#### [DATA PROVIDED]
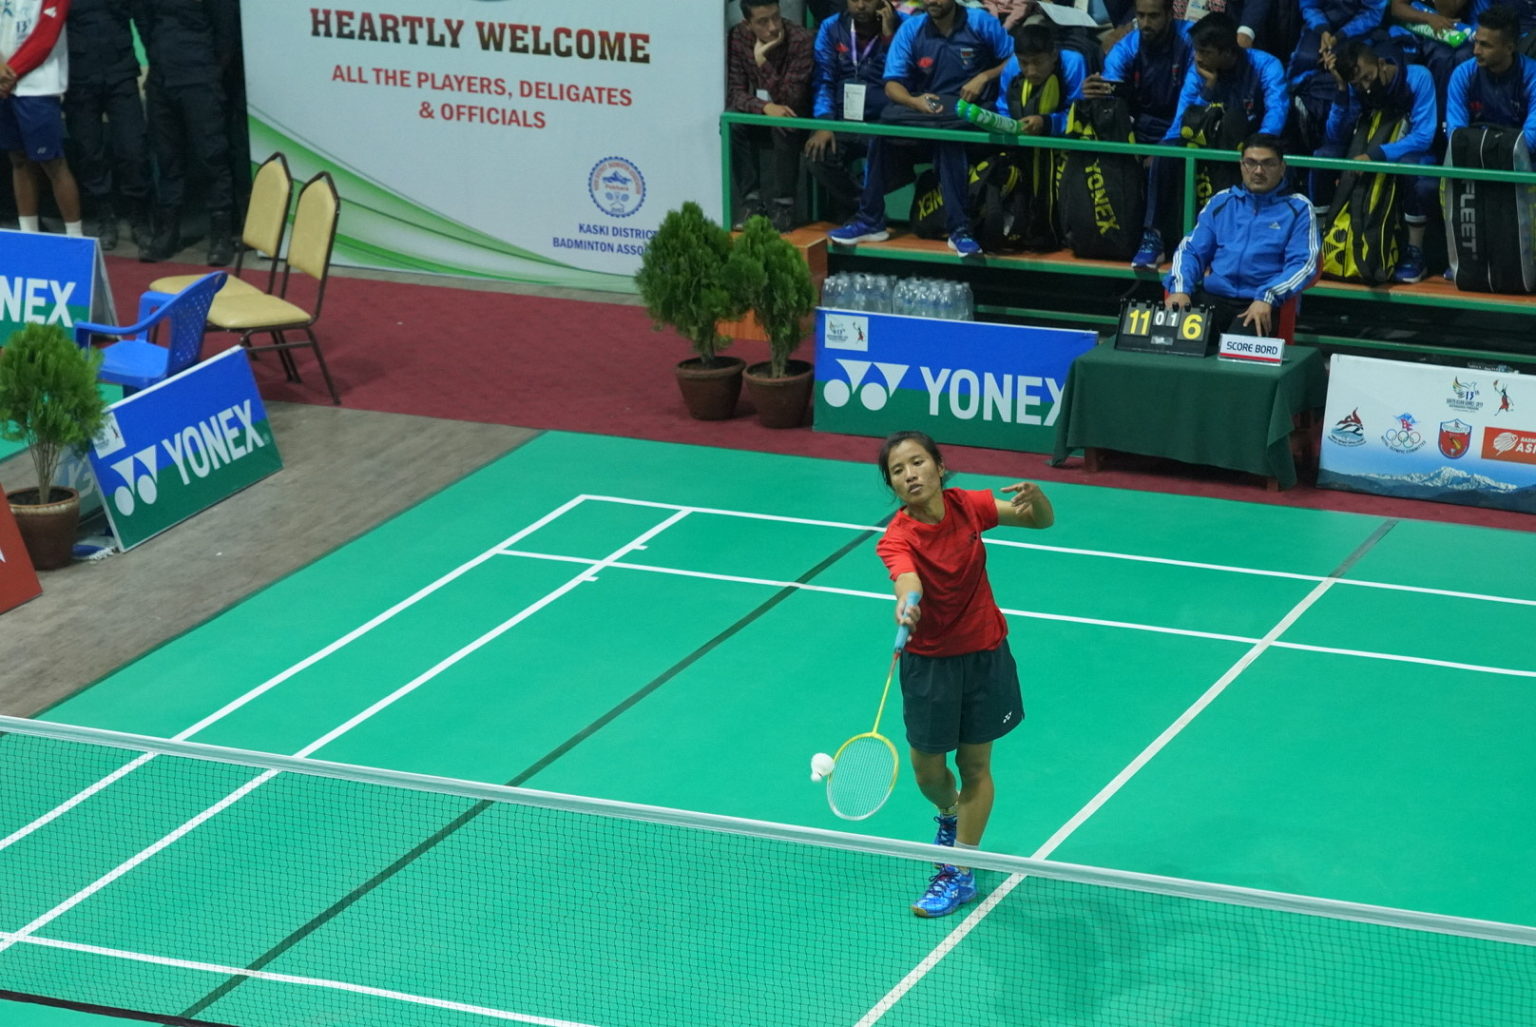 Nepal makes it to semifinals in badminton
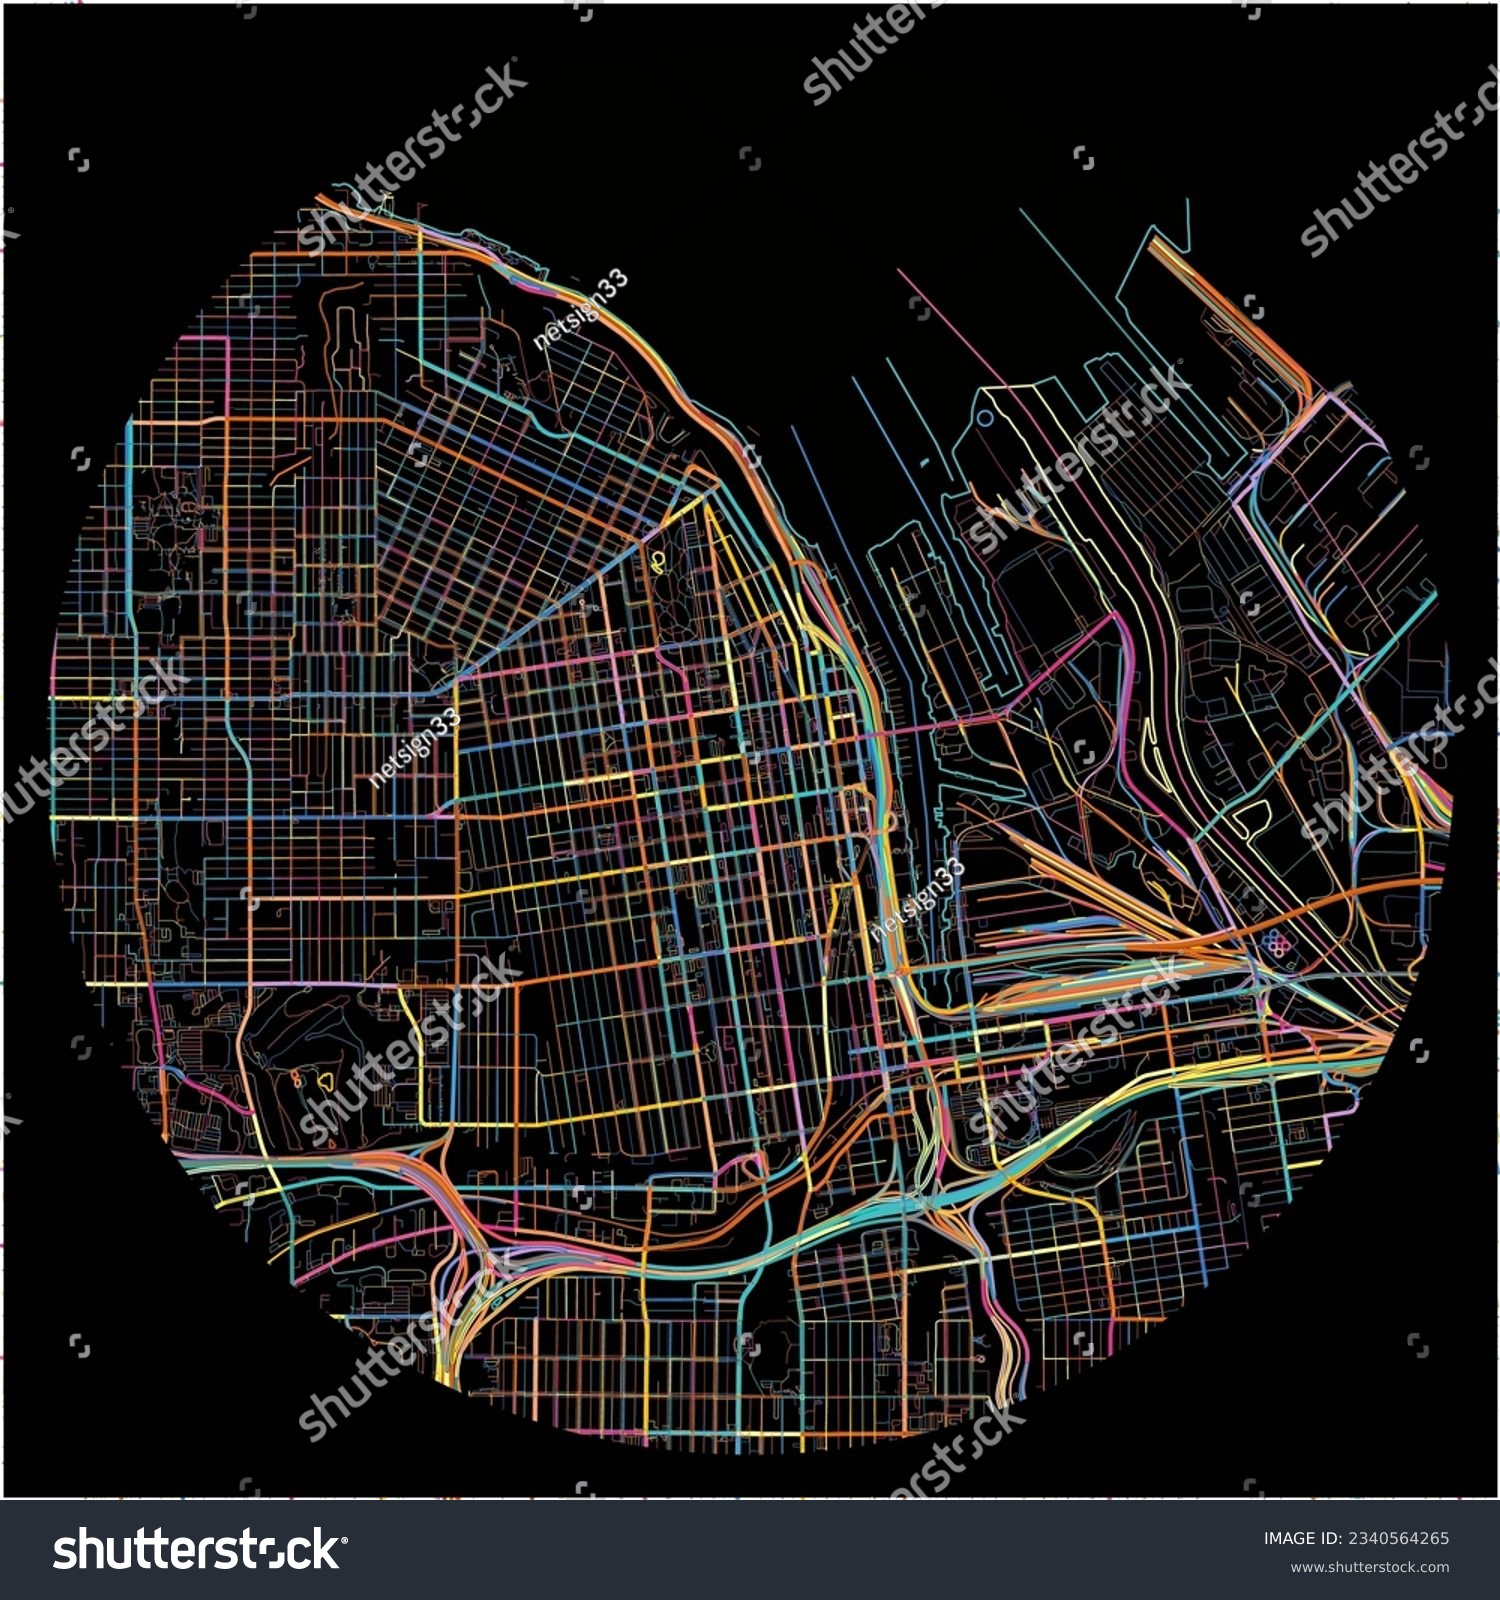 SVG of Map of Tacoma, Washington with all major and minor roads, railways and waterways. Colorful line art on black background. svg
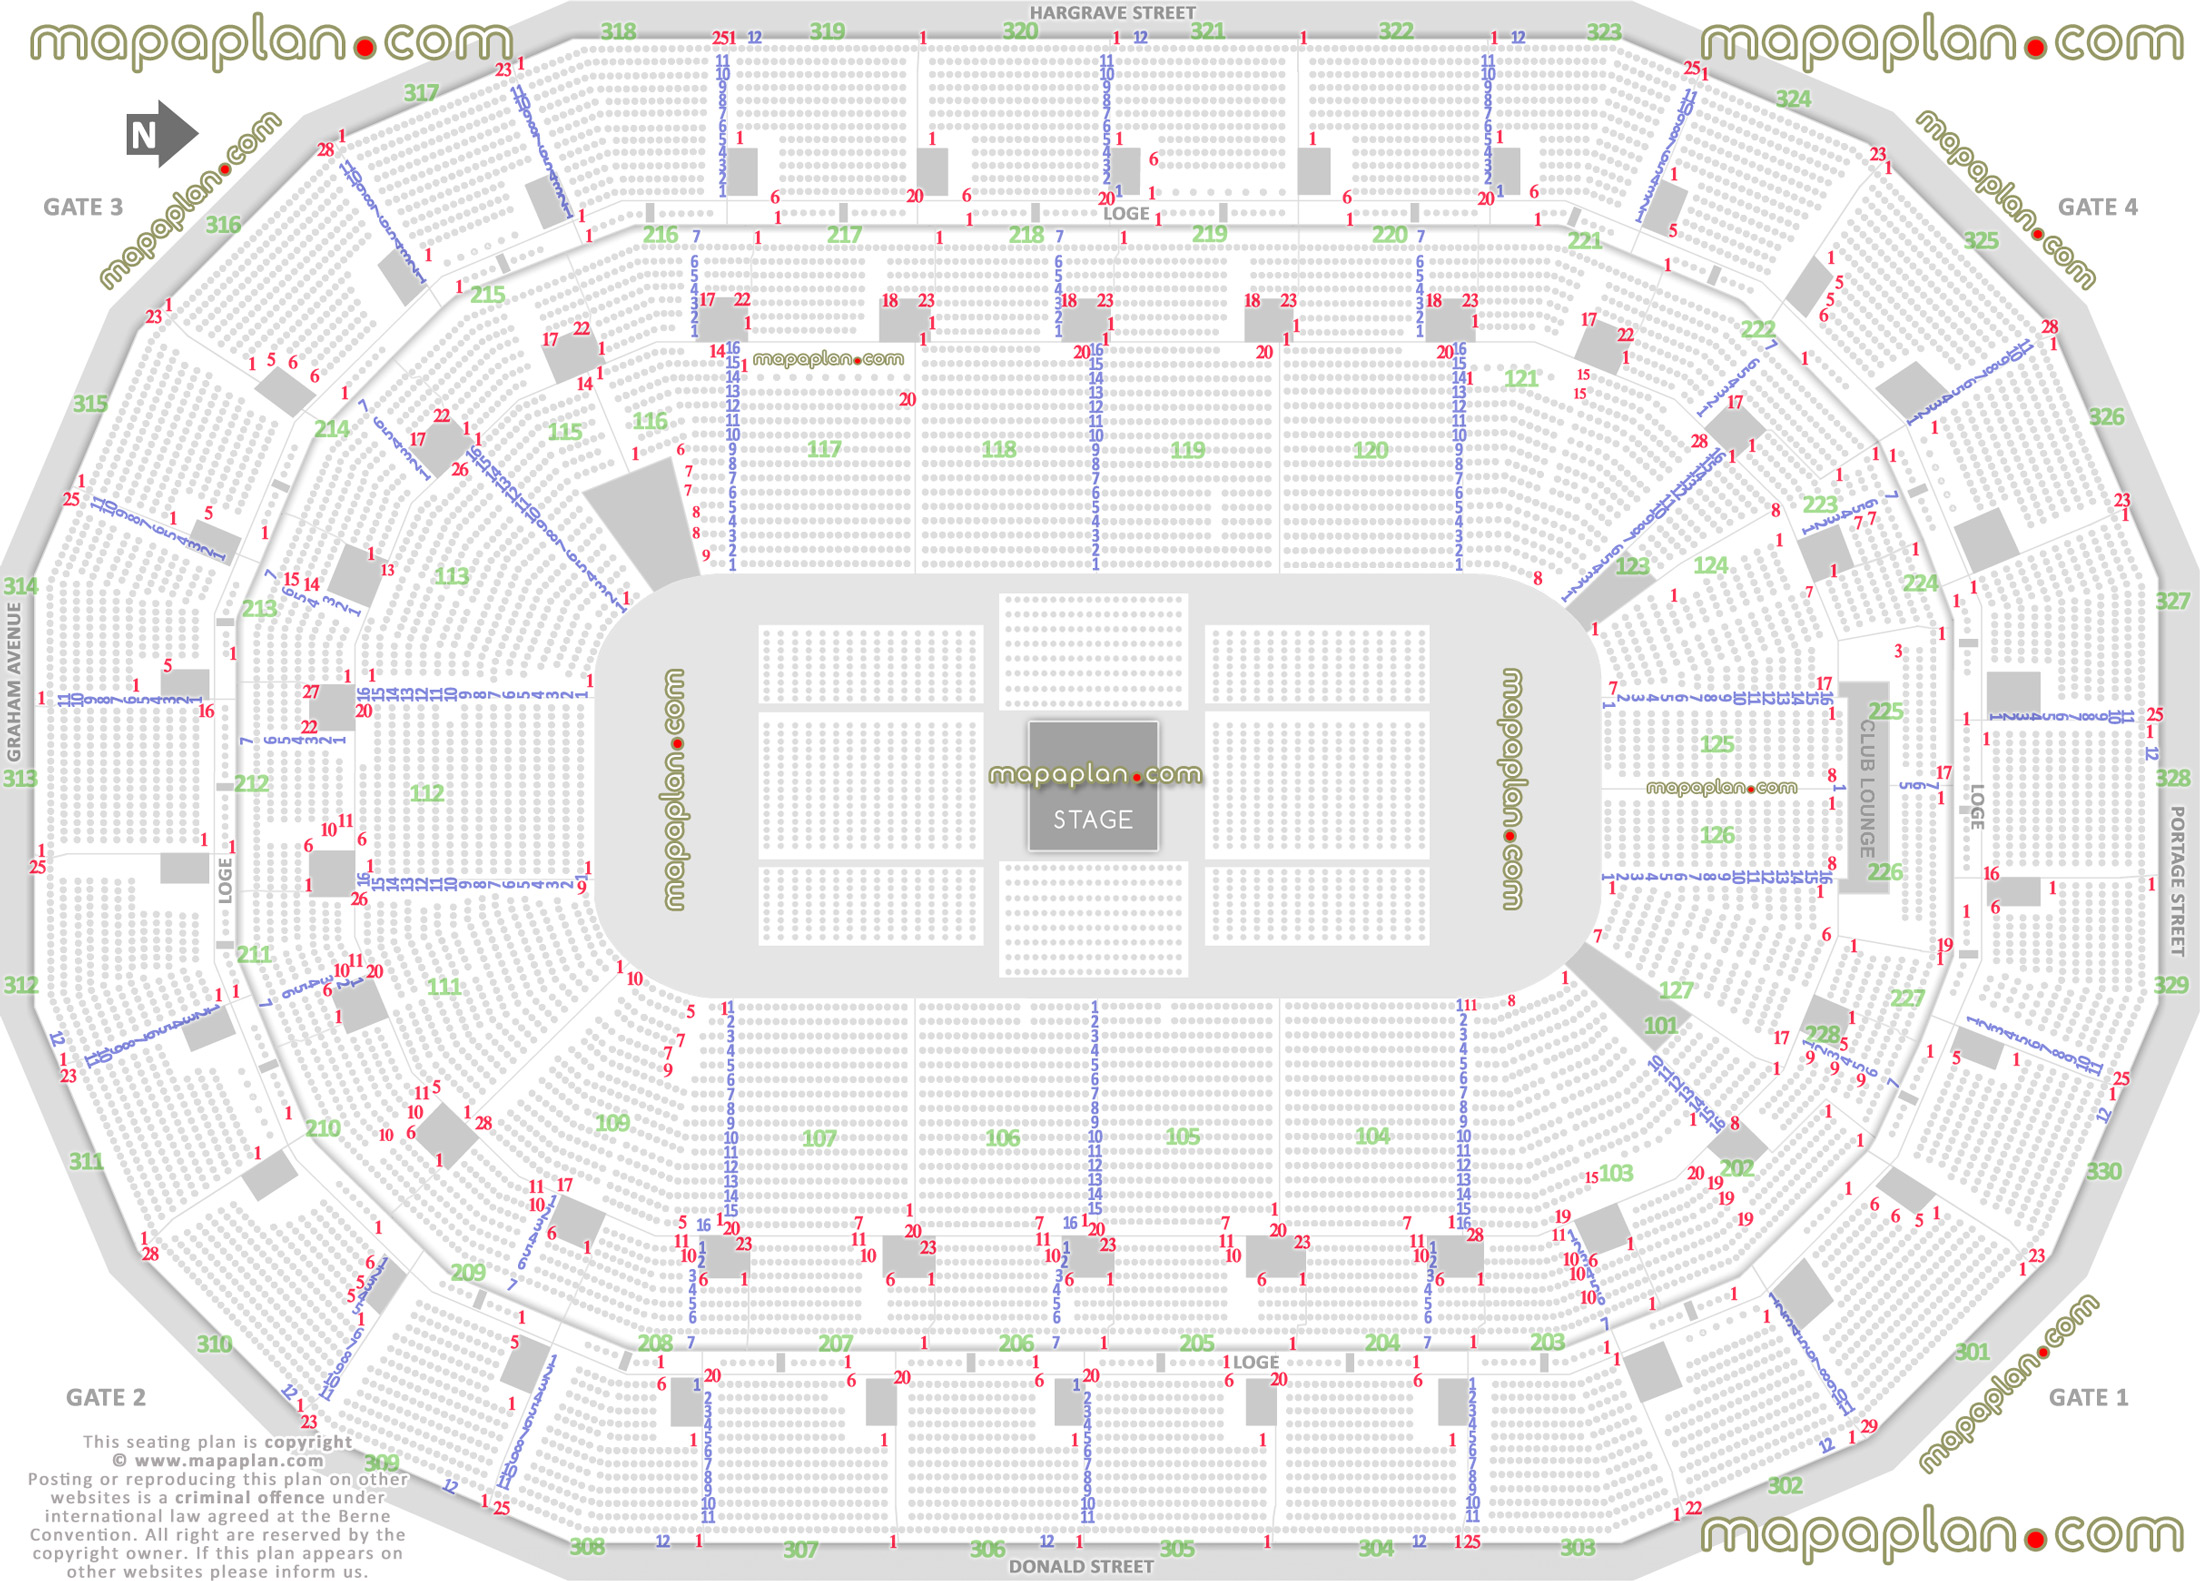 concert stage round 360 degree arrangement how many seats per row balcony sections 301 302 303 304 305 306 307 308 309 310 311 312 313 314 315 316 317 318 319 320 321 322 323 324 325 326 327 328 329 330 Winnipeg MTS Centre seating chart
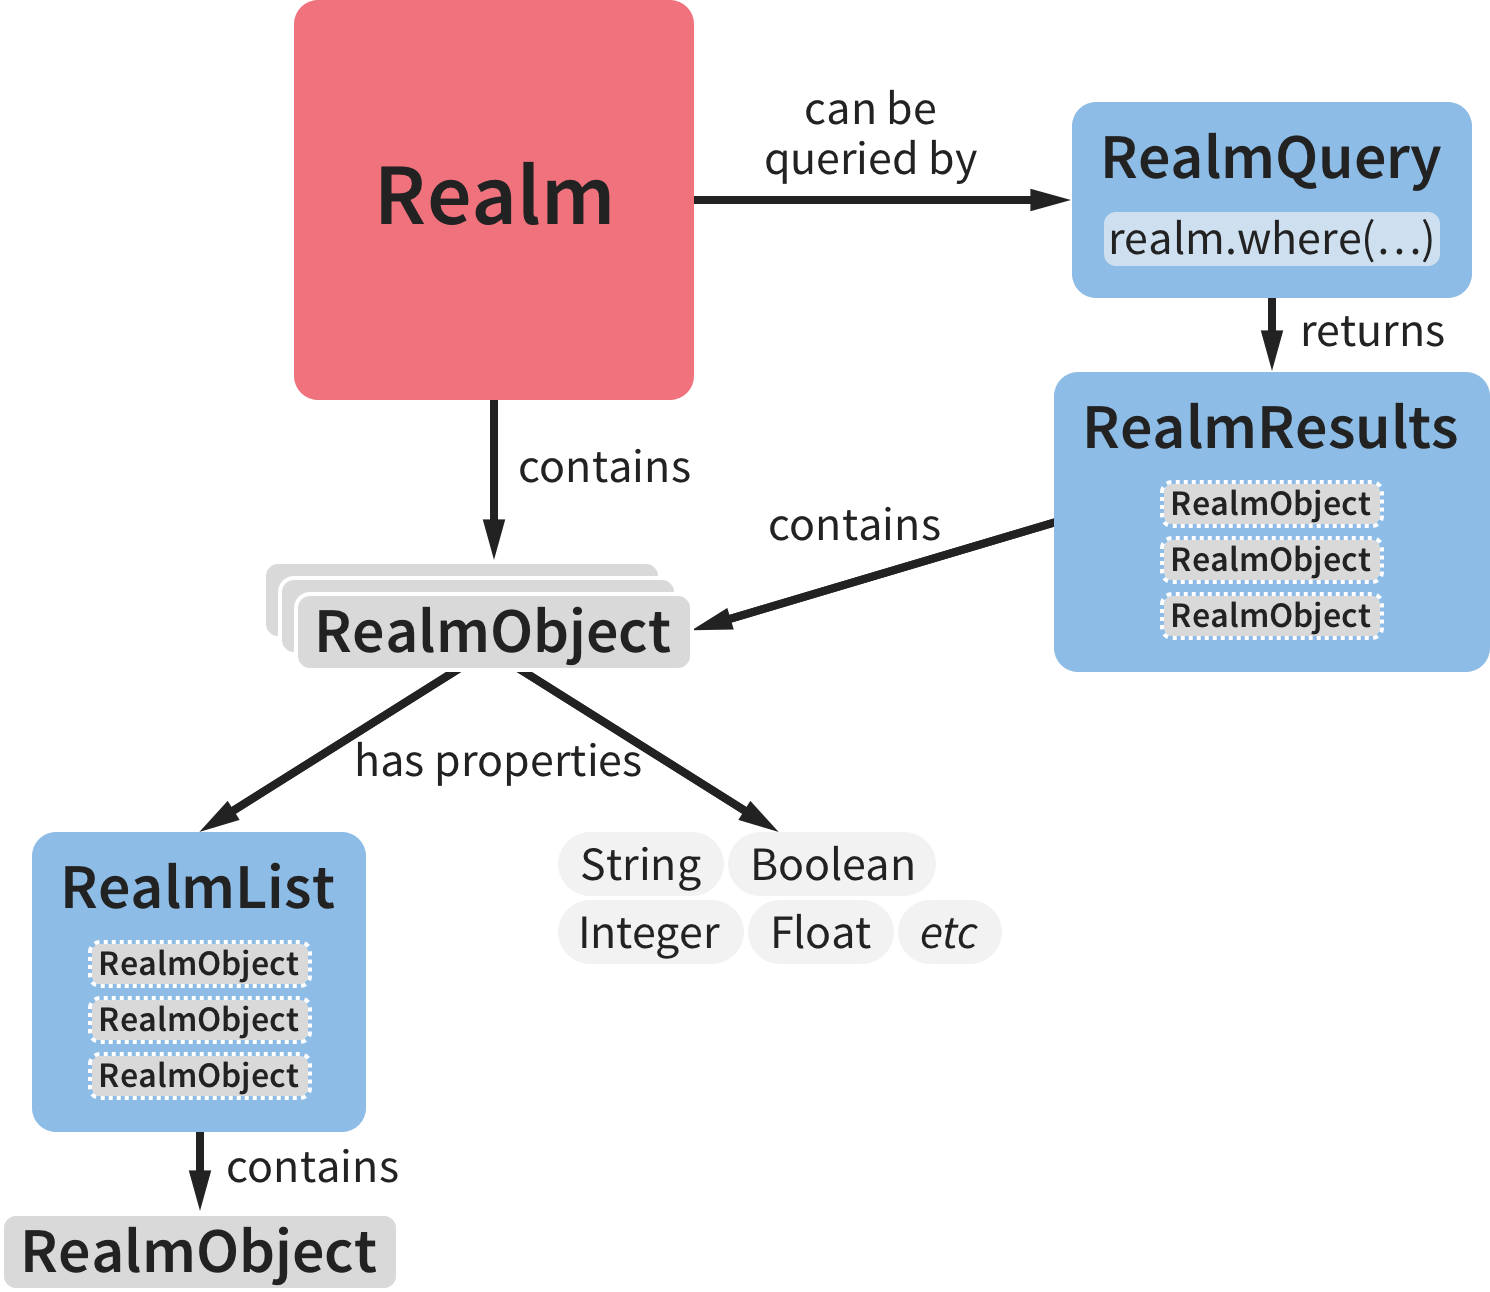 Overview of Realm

#### [WHAT THE TASK ASKS]
Quote the material above exactly, from the line holding "SVG of Map of" through its last line, including both. Omit the pictures.

#### [YOUR RESPONSE]
 SVG of Map of Tacoma, Washington with all major and minor roads, railways and waterways. Colorful line art on black background. svg
 concert stage round 360 degree arrangement how many seats per row balcony sections 301 302 303 304 305 306 307 308 309 310 311 312 313 314 315 316 317 318 319 320 321 322 323 324 325 326 327 328 329 330 Winnipeg MTS Centre seating chart
 Overview of Realm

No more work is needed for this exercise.